Domestic air travel traffic for 2022 rose 10.9% compared to the prior year. The nation's air traffic in 2022 was at 79.6% of the full-year 2019 level. December 2022 domestic traffic was up 2.6% over the year-earlier period and was at 79.9% of December 2019 traffic, according to The International Air Transport Association (IATA).

“The industry left 2022 in far stronger shape than it entered, as most governments lifted COVID-19 travel restrictions during the year and people took advantage of the restoration of their freedom to travel. This momentum is expected to continue in the New Year,” said IATA Director General Willie Walsh.

And, while that's not a full recovery to 2019 levels, overall capacity has also not recovered. Total airline seats available actually sits "around 18% below the 2019 level," according to a report from industry analyst OAG.

So, basically, the drop in passengers equals the drop in capacity meaning that planes are flying full. That's one half of the equation that keeps airfare prices high and the second one looks bad for anyone planning to fly in the coming years.

Image source: Getty Images.

Airlines Face One Key Rising Cost

While airlines face some variable costs like fuel, they also must account for fixed costs when setting airfares. Personnel are a major piece of that and the pandemic has accelerated a pilot shortage. That has given the unions that represent pilots the upper hand when it comes to making deals with the airlines.

The first domino in that process fell when Delta Airlines (DAL) - Get Free Report pilots agreed to a contract in early March that gave them an immediate 18% increase with a total of a 34% raise over the four-year term of the deal.

"The Delta contract is now the industry standard, and we expect United to also offer their pilots a similar contract," investment analyst Helane Becker of Cowen wrote in a March 10 commentary, Travel Weekly reported.

US airfare prices have been climbing. They were 8.3% above pre-pandemic levels in February, according to Consumer Price Index, but they're actually below historical highs.

Southwest and United Airlines Pilots Are Next

Airlines have very little negotiating power when it comes to pilots.
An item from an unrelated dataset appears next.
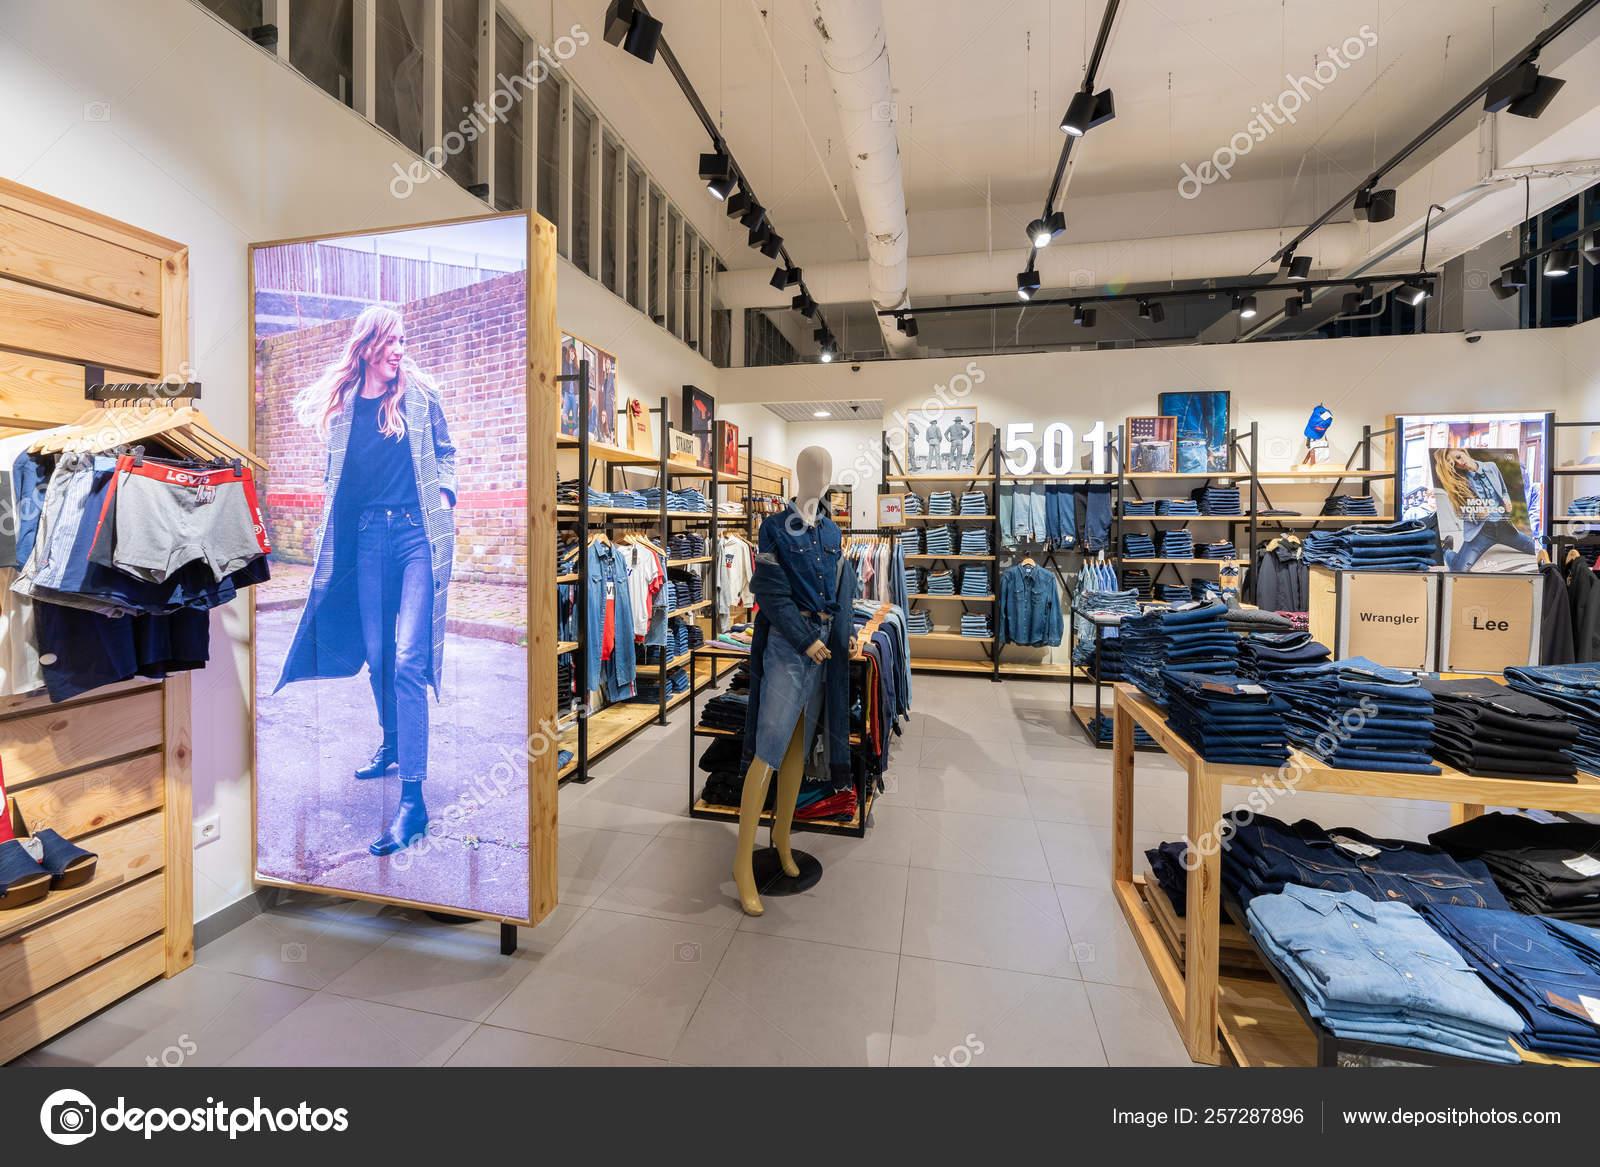 a basso prezzo 5c3b3 3b145 Minsk, Belarus - March 26, 2018: interior shot of Levis shop ...

You can't fly a plane without pilots and the overall shortage of qualified people to fill those roles means that, within reason, United (UAL) - Get Free Report and Southwest Airlines  (LUV) - Get Free Report, both of which are negotiating new deals with their pilot unions, more or less have to equal (or improve on) the Delta deal.

The actual specifics don't matter much to consumers, but the takeaway is that the cost of hiring pilots is about to go up in a very meaningful way at both United and Southwest. That will create a situation where all major U.S. airlines have a higher cost basis going forward.

Lower fuel prices could offset that somewhat, but raises are not going to be unique to pilots. Southwest also has to make a deal with its flight attendants and, although they don't have the same leverage as the pilots, they have taken a hard line.   

The union, which represents Southwest’s 18,000 flight attendants, has been working without a contract for four years. It shared a statement on its Facebook page detailing its position Feb. 20.

"TWU Local 556 believes strongly in making this airline successful and is working to ensure this company we love isn’t run into the ground by leadership more concerned about shareholders than about workers and customers. Management’s methodology of choosing profits at the expense of the operation and its workforce has to change, because the flying public is also tired of the empty apologies that flight attendants have endured for years."